13. Memory Hierarchy

This lab studies the memory hierarchy of the Raspberry Pi 4 Model B boards used in class. Section 13.1 benchmarks the bandwidth of the respective memory levels by repeatedly reading the same data from cache / memory. Next, Section 13.1 follows the ideas of the lectures to highlight issues if spatial locality is not kept in mind. The design and implementation of a cache-aware algorithm which transposes a matrix concludes the lab in Section 13.3.

13.1. Temporal Locality

In the lectures, we repeatedly computed the sum \(\sum_{k=0}^{n-1} a_k\) of an array \(\vec{a} = (a_0, \ldots, a_{n-1})\) to benchmark the read bandwidth of M2’s cache levels and main memory. Since the benchmark computed the sum repeatedly, the data remained in the respective memory level. Thus, we harnessed temporal locality since smaller arrays fit into lower levels of cache.

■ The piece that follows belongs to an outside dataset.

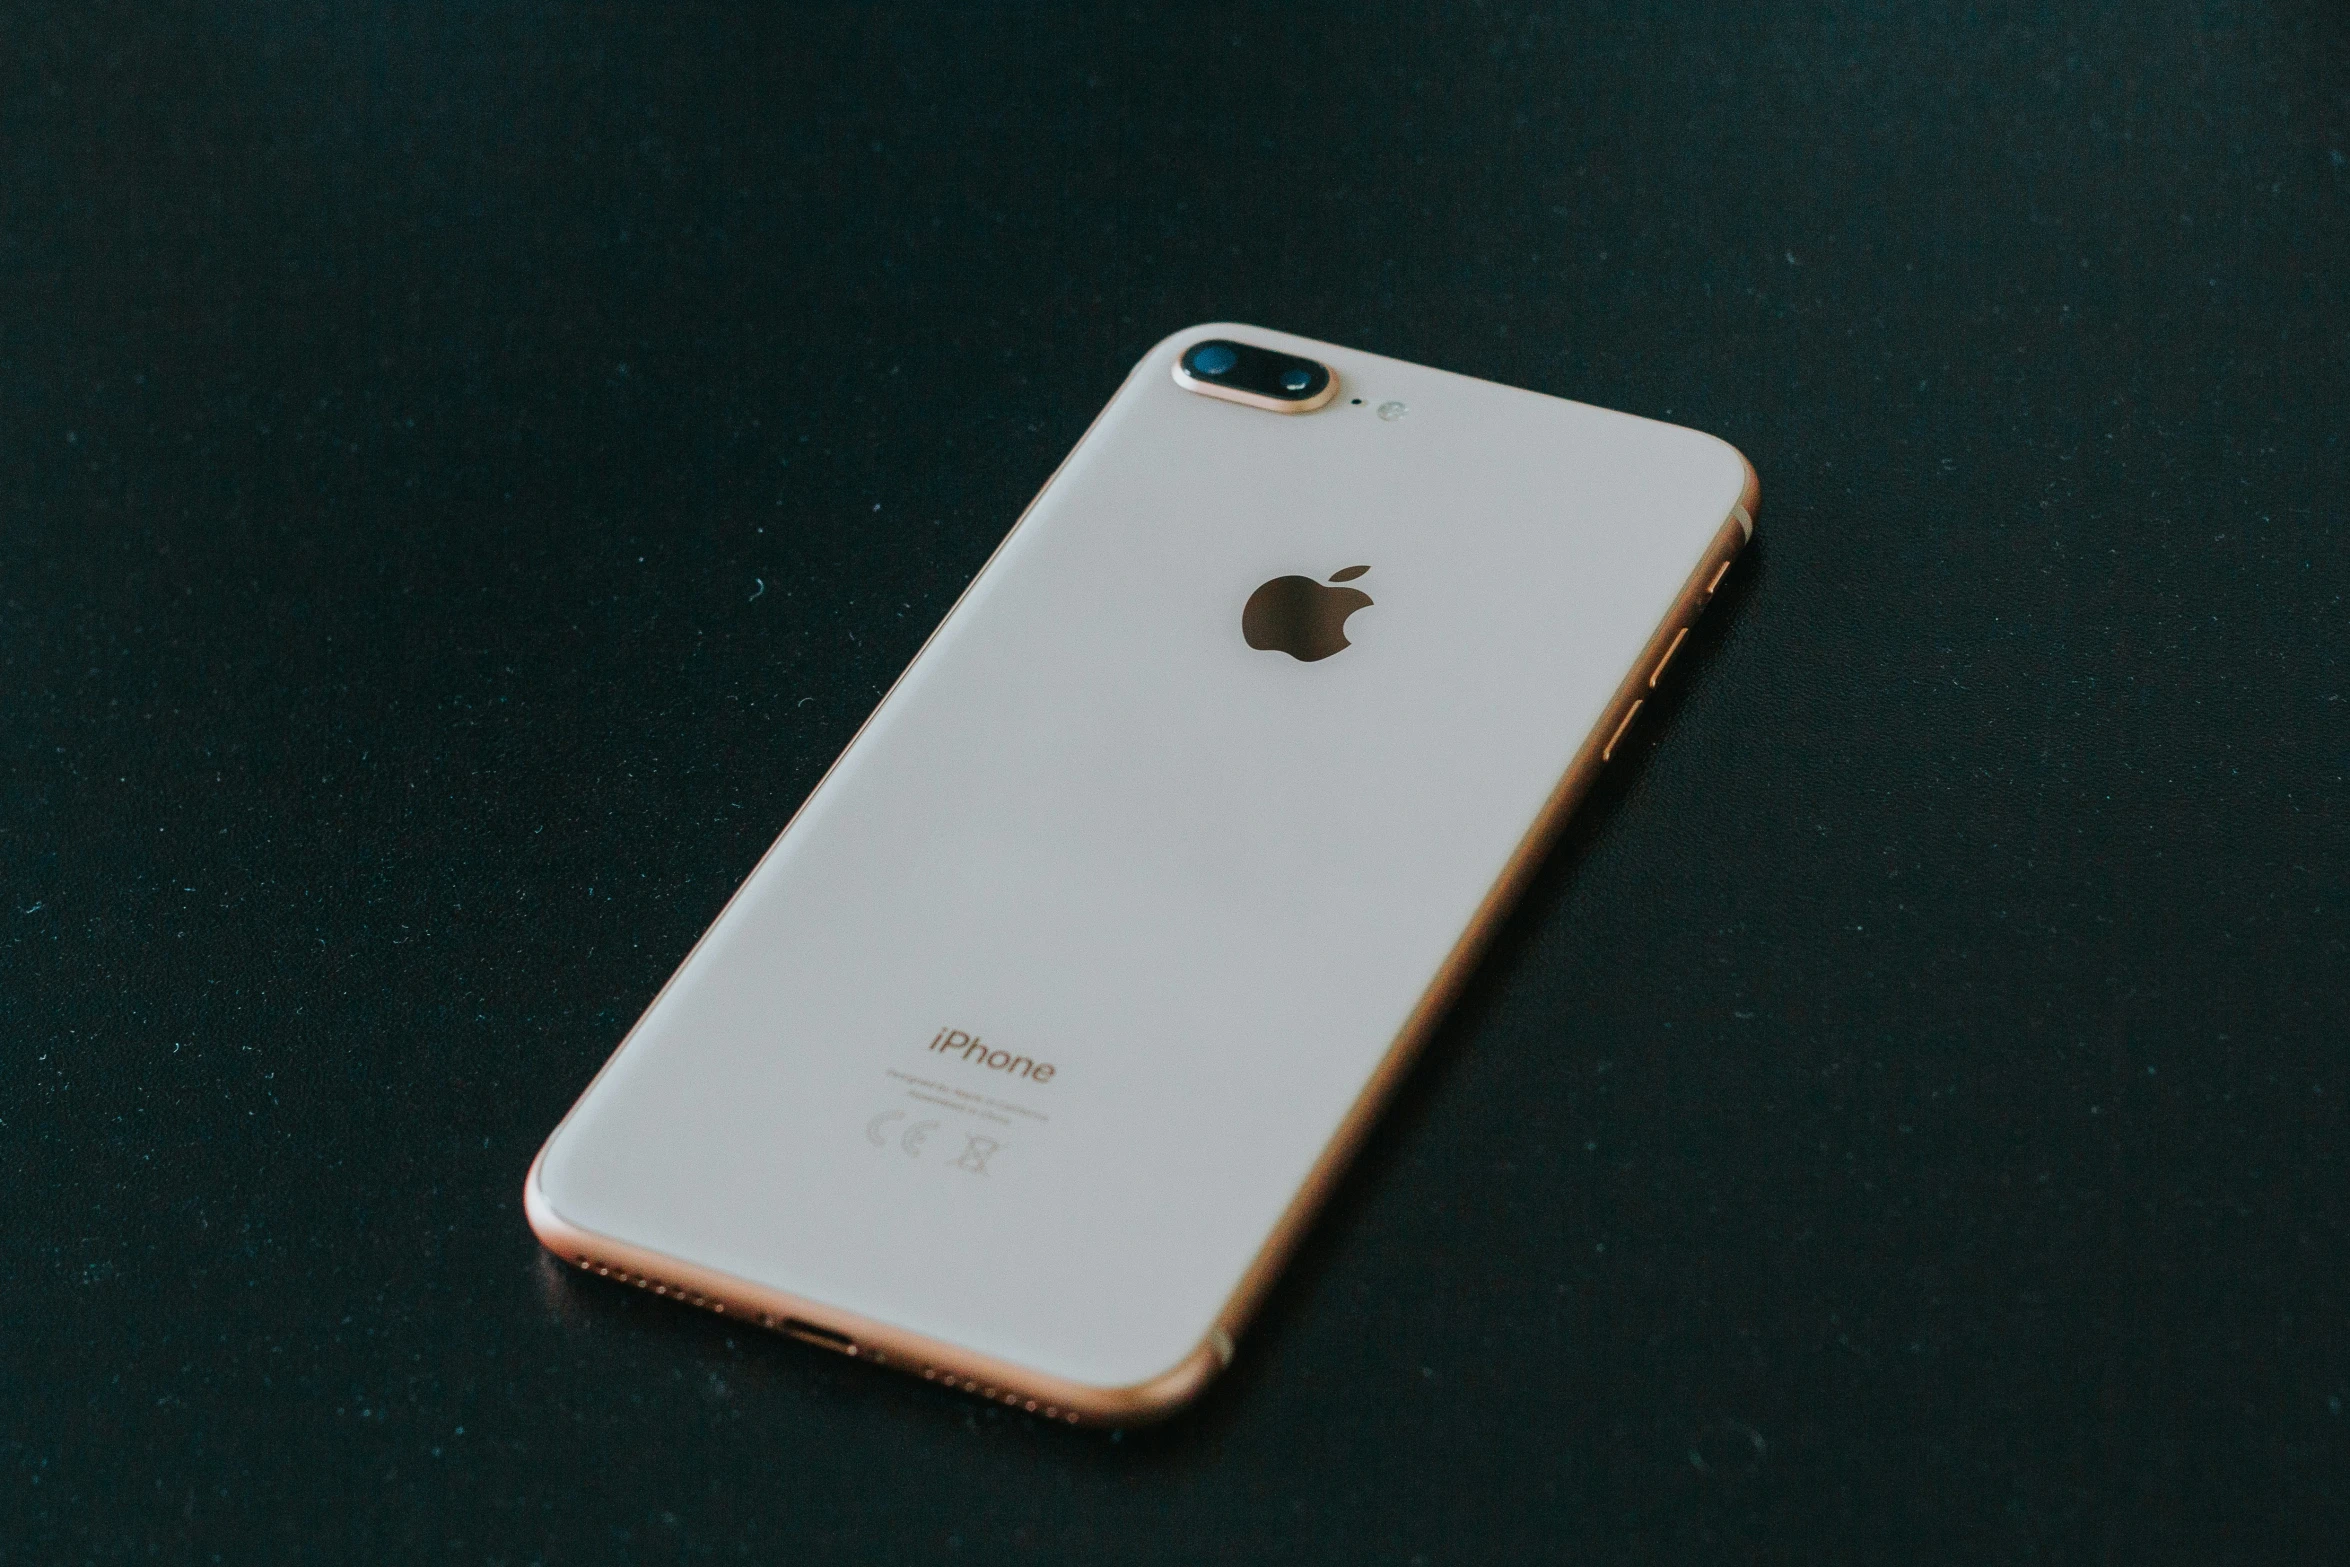 an iphone is seen laying on a dark surface

M2 is a heterogeneous System on Chip (SoC) featuring four Avalanche performance cores and four Blizzard efficiency cores. We have seen that the two core types’ cache specifications differ. In this part of the lab, we repeat the performance benchmarking using the class’s Raspberry Pis. In contrast to M2, the Pis are homogeneous w.r.t. to the used cores since all of them have the same Cortex-A72 microarchitecture.

Tasks

Look up the L1 and L2 cache specifications of the cores used in the Raspberry Pi 4 Model B. What cache line size is used?
Benchmark the read bandwidth of the Raspberry Pis for different data sizes in the range from 4,096 bytes to 2GiB. Run each benchmark configuration for at least one second.
Visualize the obtained results.

13.2. Spatial Locality

This section uses the dot product \(\vec{a} \cdot \vec{b} = \sum_{k=0}^{n-1} a_k b_k\) of the two vectors \(\vec{a} = (a_0, \ldots, b_{n-1})\) and \(\vec{b} = (b_0, \ldots, b_{n-1})\) as running example. We choose the size \(n\) of the two vectors sufficiently large such that they do not fit into any cache level. Specifically, we use \(n=134,217,728\) and uint64_t elements such that each vector requires 1GiB of memory. Similar to the lectures’ example which incremented the values of an array, we study the performance of different implementations:

\(\sum_{k=0}^{n-1} a_k b_k\)
\(\left( \sum_{k=0}^{n/2-1} a_{2k} b_{2k} \right) + \left( \sum_{k=0}^{n/2-1} a_{2k+1} b_{2k+1} \right)\)
\(\sum_{l=0}^{3} \left( \sum_{k=0}^{n/4-1} a_{4k+l} b_{4k+l} \right)\)
\(\sum_{l=0}^{7} \left( \sum_{k=0}^{n/8-1} a_{8k+l} b_{8k+l} \right)\)
\(\sum_{l=0}^{15} \left( \sum_{k=0}^{n/16-1} a_{16k+l} b_{16k+l} \right)\)

Tasks

Assume that \(\vec{a}\) and \(\vec{b}\) are aligned to the cache line size and that the first implementation requires 1s per dot product. What performance do you expect for implementations 2 - 5 when running on a Raspberry Pi 4 Model B’s core? Why?
Implement the various dot product implementations. Use arrays with 134,217,728 elements of type uint64_t. Run your implementation on one of the class’s Pis.

13.3. Matrix Transpose

Section 13.2’s examples are a bit artificial. Possibly all of us would initially opt for the first and fastest implementation. However, in general, the most straightforward implementation is not always the fastest one. One such example is the transposition of a large matrix. In this part of the lab, we are given a vanilla implementation which sets \(B=A^T\) for a \(16,384 \times 16,384\) matrix \(A\) with uint64_t elements. Our goal is to implement a faster version which better exploits spatial locality.

Tasks

Have a look at the vanilla implementation. Which operation is troublesome? Reading the data of \(A\) or writing \(B\)? Why?
Design and implement a new version which is cache-aware. Benchmark your improved implementation!